Во всех лицах святых он угадывал свое обличье, то в молодости, то в пору возмужания. Даже братья Борис и Глеб, великие мученики, — это он, опять-таки он, после тюрьмы. Но не это было самым странным ли, страшным ли, а скорее — именно чудным. Он увидел свою жизнь ту, что прожил в своей душе тайно. Он вгляделся в лицо Богородицы-Лушки и младенца на руках ее, Лушкой и им, Савелом, желанного, но так и непущенного в свет, младенца. Горячо стало щекам Савела. Он провел заскорузлой ладонью по бороде, уж не плачу ли я, огарок никчемный. И опять откуда-то сверху голос бабки Маланьи со своим:
— Ничего, милочек, ничего…
Очнулся он от тарахтенья трактора и от гомона людского. Это не церковь, а его, Савела, душу хочет сейчас переехать Ванька Шалый. Савел выскочил на улицу и от картины, открывшейся его глазам, кровь застыла в жилах: на самом тихом Ванька с вечно пьяной улыбкой приближался к церкви, а в двух метрах от него лежала на снегу Лушка. Народ застыл, а Лушка, как ноги матери, гладила шершавые бревна и опять, как тогда, верещала высоко, доставая самое сердце своим криком. Савел хотел бежать, но как в страшном сне, не мог… И крикнуть не мог. Только когда трактор подъехал вплотную, мужики и Савел наконец ожили.

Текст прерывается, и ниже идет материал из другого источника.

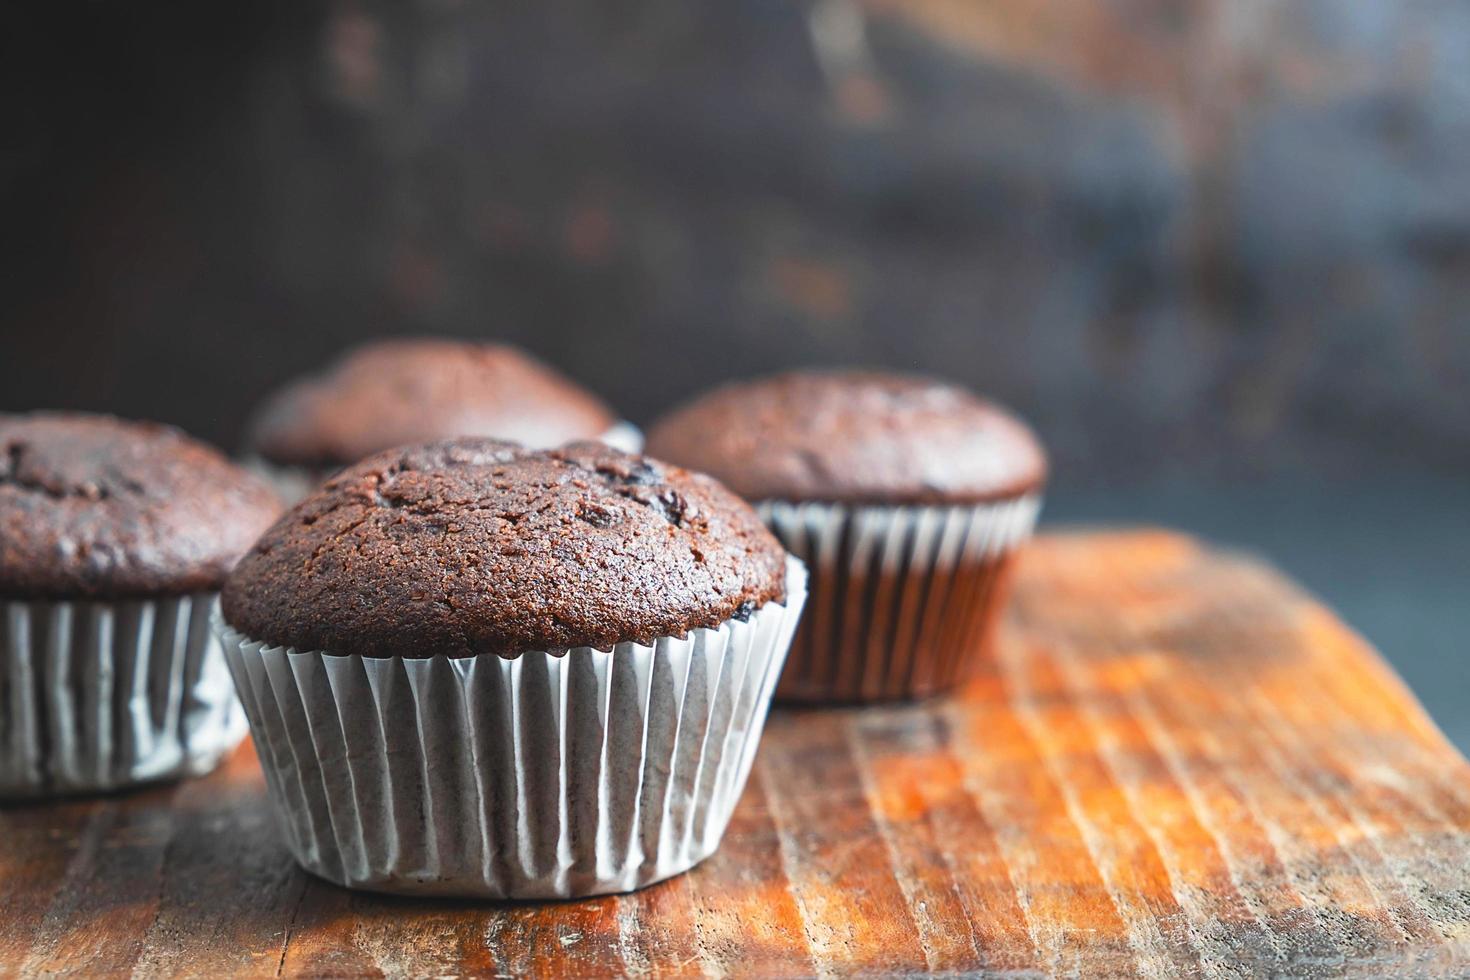 chocolade cupcakes op houten achtergrond foto

— Ты что, антихрист, делаешь! — закричали бабки. Савел подбежал к Лушке, в самый последний момент выхватил ее из-под трактора, но, как потом оказалось, хоть была Лушка в валенках, все-таки стопа раздробилась. Так с той поры она и стала прихрамывать.
Как ни уговаривал Ванька Савела посадить Лушку в трактор, но он никому не отдал ее. Так на руках и нес до больницы, и никто не посмел на селе судачить.
С каждого двора после того случая принесли к церкви дров, кто сколько мог.
Озлобился было Ерофеич в тюрьме. Хорошо еще закваска деревенская крепка, не дал себя поломать уголовникам. Да к тому же вскоре перевели его к политическим, на лесоповал. Сколько молчал угрюмо Савел, а тут его разговорила пичужка одна большеглазая — художница.
«Видать, по ошибке, как я, попала», — думал Савел, слушая, как она что-то напевает или смотрит вокруг себя, ну, чисто Лушка. А то прутик возьмет и на снегу рисует.
Однажды прислушался Савел.
— Что это, песня такая?
— Нет, это адажио Альбинони. Мне кажется, это музыка небес, звездная мелодия. Знаете, когда в детстве смотришь с маминых рук в небо и уже себя понимаешь.
— Ах, ты, пичужка этакая, где ж ты слова-то такие берешь?
И не однажды просил Савел напеть ее, и казалось ему, что этой музыкой и живет в его душе Лушка.
Охранник один прыщавый излыгался над девчушкой, как мог, чуть что — прикладом.
Аспид, где такой мерзостью и напитал он свой куриный мозг, — такую грязь изрыгал. Вольнонаемные глаза отводили, а Савел вставал перед охранником и так скрипел зубами, что отступал, выругавшись, этот двуногий скот. Как не лопнуло сердце Савела, когда узнал он: жеребцы эти безмозглые к себе в охранку дите это чистое с детскими глазами затащили на всю ночь, а она утром в бараке себе вены перегрызла.
— Лушка, выходи за меня…
А что он тогда ей шептал, когда нес на руках?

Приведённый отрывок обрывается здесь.